The script outputs a new file called prefix_MYSAMPLENAME.sylphmpa
for each sample in the results file. Investigating one file gives the following:
head -n 20 prefix_mouse_1.fq.sylphmpa
#SampleID mouse_1.fq
clade_name relative_abundance sequence_abundance ANI (if strain-level)
d__Bacteria 100.00010000000002 99.99999999999999 NA
d__Bacteria|p__Bacillota 24.640800000000002 18.712699999999998 NA
d__Bacteria|p__Bacillota_A 47.333499999999994 52.5969 NA
d__Bacteria|p__Bacillota_A|c__Clostridia 47.333499999999994 52.5969 NA
d__Bacteria|p__Bacillota_A|c__Clostridia|o__Christensenellales 9.0019 6.252800000000001 NA
d__Bacteria|p__Bacillota_A|c__Clostridia|o__Christensenellales|f__Pumilibacteraceae 3.9625 3.0064 NA
d__Bacteria|p__Bacillota_A|c__Clostridia|o__Christensenellales|f__Pumilibacteraceae|g__Pumilibacter 3.9625 3.0064 NA
d__Bacteria|p__Bacillota_A|c__Clostridia|o__Christensenellales|f__Pumilibacteraceae|g__Pumilibacter|s__Pumilibacter 3.9625 3.0064 NA
d__Bacteria|p__Bacillota_A|c__Clostridia|o__Christensenellales|f__Pumilibacteraceae|g__Pumilibacter|s__Pumilibacter|t__GCA_910587595.1 3.9625 3.0064 95.45
d__Bacteria|p__Bacillota_A|c__Clostridia|o__Christensenellales|f__UBA3700 5.0394 3.2464 NA
d__Bacteria|p__Bacillota_A|c__Clostridia|o__Christensenellales|f__UBA3700|g__MGBC161649 5.0394 3.2464 NA
d__Bacteria|p__Bacillota_A|c__Clostridia|o__Christensenellales|f__UBA3700|g__MGBC161649|s__MGBC161649 5.0394 3.2464 NA
d__Bacteria|p__Bacillota_A|c__Clostridia|o__Christensenellales|f__UBA3700|g__MGBC161649|s__MGBC161649|t__GCA_910587685.1 5.0394 3.2464 97.82
d__Bacteria|p__Bacillota_A|c__Clostridia|o__Lachnospirales 20.3153 24.426900000000003 NA
d__Bacteria|p__Bacillota_A|c__Clostridia|o__Lachnospirales|f__Lachnospiraceae 20.3153 24.426900000000003 NA
d__Bacteria|p__Bacillota_A|c__Clostridia|o__Lachnospirales|f__Lachnospiraceae|g__1XD42-69 4.1703 4.1626 NA
d__Bacteria|p__Bacillota_A|c__Clostridia|o__Lachnospirales|f__Lachnospiraceae|g__1XD42-69|s__1XD42-69 4.1703 4.1626 NA
d__Bacteria|p__Bacillota_A|c__Clostridia|o__Lachnospirales|f__Lachnospiraceae|g__1XD42-69|s__1XD42-69|t__GCA_910589105.1 4.1703 4.1626 97.47
This file is a taxonomic profile similar to what MetaPhlAn outputs. Each taxonomic rank has an associated taxonomic or sequence abundance.
Note
Taxonomic abundance normalizes by genome sizes, whereas sequence abundance is the % of reads assigned to a taxonomic rank. See Sun et al., 2021 for information.
Note that the t__GCA_...
ranks, which are strain/genome-level ranks, have an associated ANI output. The other ranks do not.

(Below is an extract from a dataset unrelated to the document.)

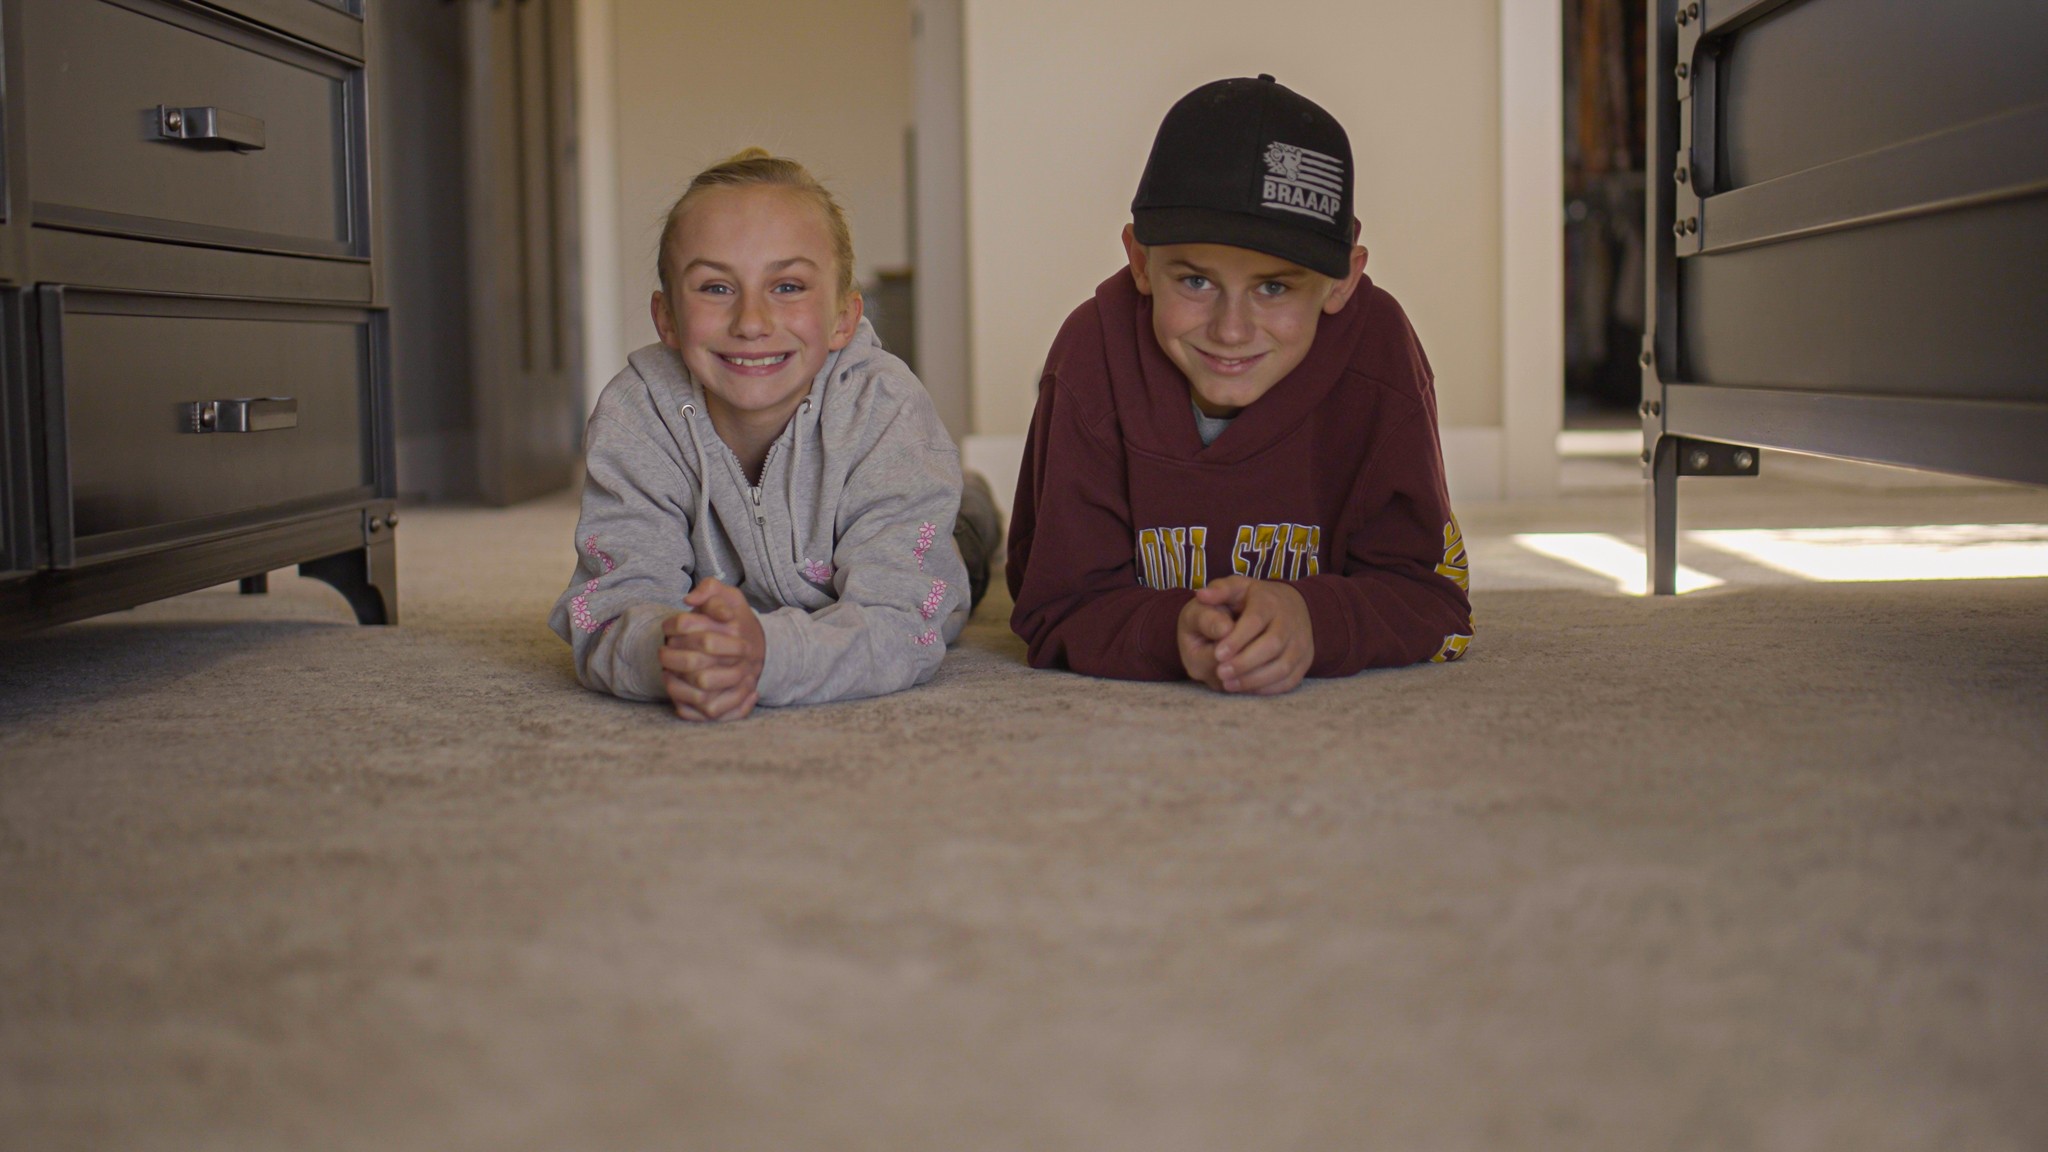 Smiling kids | I & J Carpets, Inc.

We have just shown how sylph can do multi-sample profiling against the GTDB-R214 database very efficiently while giving ANI information as well.
To do taxonomic profiling with other databases, see the manual. Alternatively, consider just analyzing sylph's resulting TSV file; it contains some useful information not present in the taxonomic profile.